Ой, ну вот, ну началось, я опять загаживаю дайрю своим фикбуком
Вик как-то повлиял на меня, — уж благотворно или нет — и после этого для меня стало правило тем, что чем душевнее и любимее мне пыринг, тем ниже рейтинг, в пределах которого я его вижу. А тут как бы исключение из правил вышло небольшое, вот.
Вик как-то повлиял на меня, — уж благотворно или нет — и после этого для меня стало правило тем, что чем душевнее и любимее мне пыринг, тем ниже рейтинг, в пределах которого я его вижу. А тут как бы исключение из правил вышло небольшое, вот.
После дождя
Автор: Aru Sawa
Фэндом: Haikyuu!
Пэйринг или персонажи: Цукишима Кей / Ямагучи Тадаши
Рейтинг: R
Жанры: Слэш (яой), Романтика, Повседневность, Занавесочная история
Размер: Мини, 4 страницы
Кол-во частей: 1
Статус: закончен
Описание:
Цукишима оставался у него всякий раз после дождя.
Посвящение:
Вите
Публикация на других ресурсах:
Ой, да бросьте вы.
Примечания автора:
Я долго к этому шёл на самом деле -_\
Порно здесь нет.
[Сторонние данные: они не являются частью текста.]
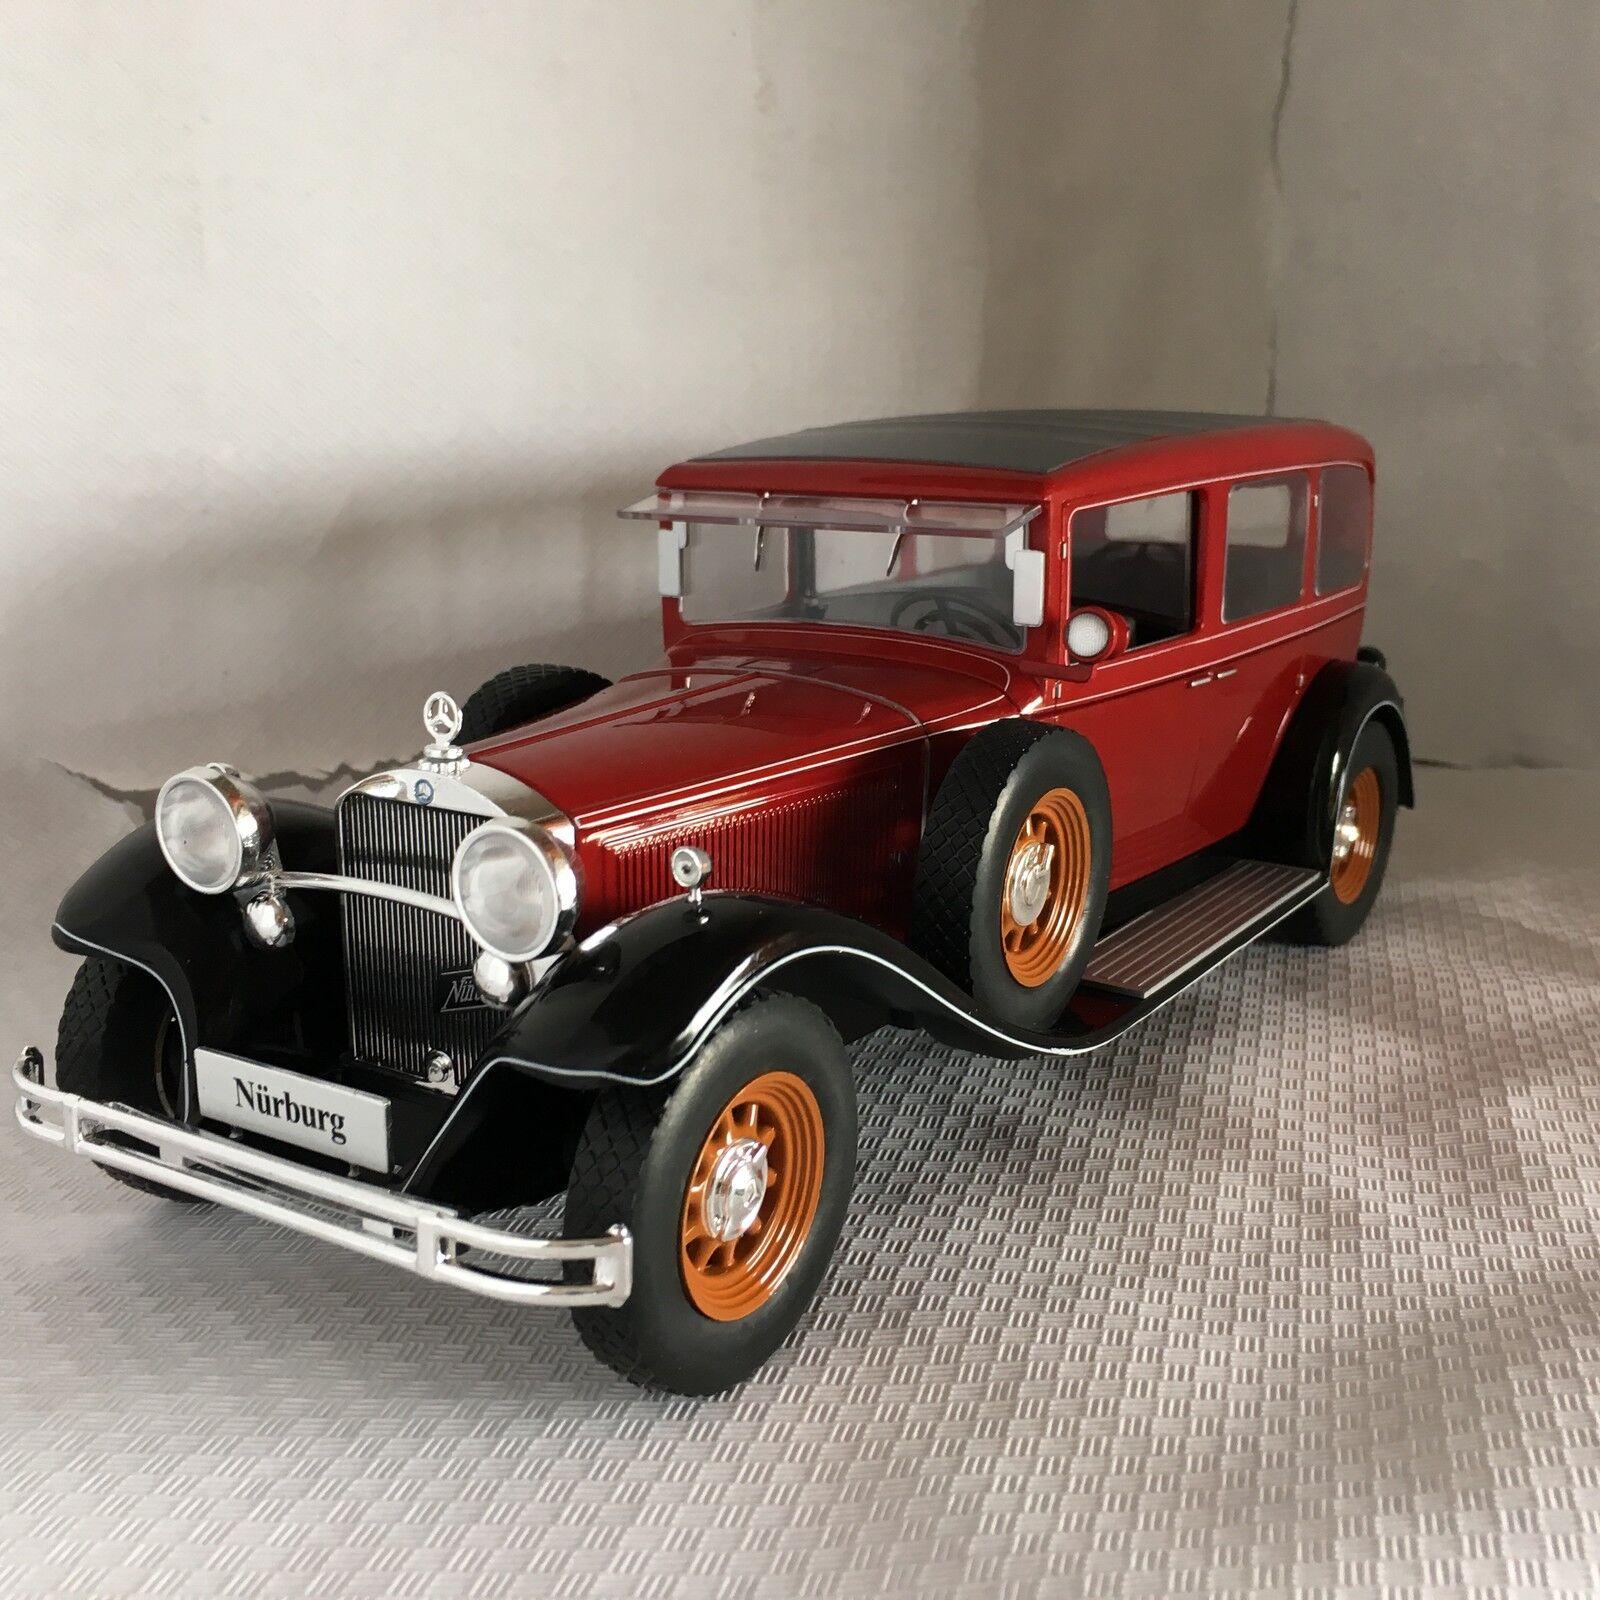 Mercedes tipo Nürburg 460 460 K rosso oscuro nero 1 18 microg nuevo con embalaje original mcg18032

Обычный подростковый петтинг. Но всё же я очень рад, что худо-бедно, но родил эту работу.
И да. Дождефилизм заразен.
[линк на Фикбук]
Ямагучи продолжал блуждать взглядом по безлюдным улицам, будто смотрел совсем в другую реальность. Другую почти в прямом смысле – она делалась далёкой, хотя и была в пределах видимости, и неизвестной, хотя он и знал её как свои пять пальцев вместе с мозолями. Она делалась другой неосознанно, хотя на деле Ямагучи прекрасно осознавал почему.
И ответ был прост – потому что за тем отрезком реальности сейчас не было Цукишимы.
Он был рядом, в паре шагов. Не читал попавшиеся под руку книги с полок, не щёлкал по клавишам телефона – просто полулёжа подпирал подушки на заправленной кровати, молчал и устало вглядывался в стену напротив. Даже наушники продолжали безучастно свисать с шеи, лишь в силу привычки не спрятанные в сумку.
Изредка – в моменты, когда Ямагучи снова переводил взгляд на окно – Цукишима поднимал на него глаза. И именно в эти моменты Ямагучи замирал и словно принимался что-то высматривать из гущи сумерек. Не то боясь, не то не решаясь пересечься с Цукишимой взглядами – он зачем-то вёл своеобразную безобоюдную игру в гляделки с единственной – не то пугливой, не то трепетной – мыслью в голове.
«Снова».
Цукишима оставался у него всякий раз после дождя. Всякий раз, когда двор пах сыростью, мокрой пылью, когда лужи в выбоинах на старом асфальте отражали ветки и линии электропередач, спустя нудный перестук шагов Ямагучи раз за разом слышал одну и ту же фразу.
– Я останусь у тебя?
Вопрос-утверждение, на которое нельзя ответить отказом. Не вышло бы.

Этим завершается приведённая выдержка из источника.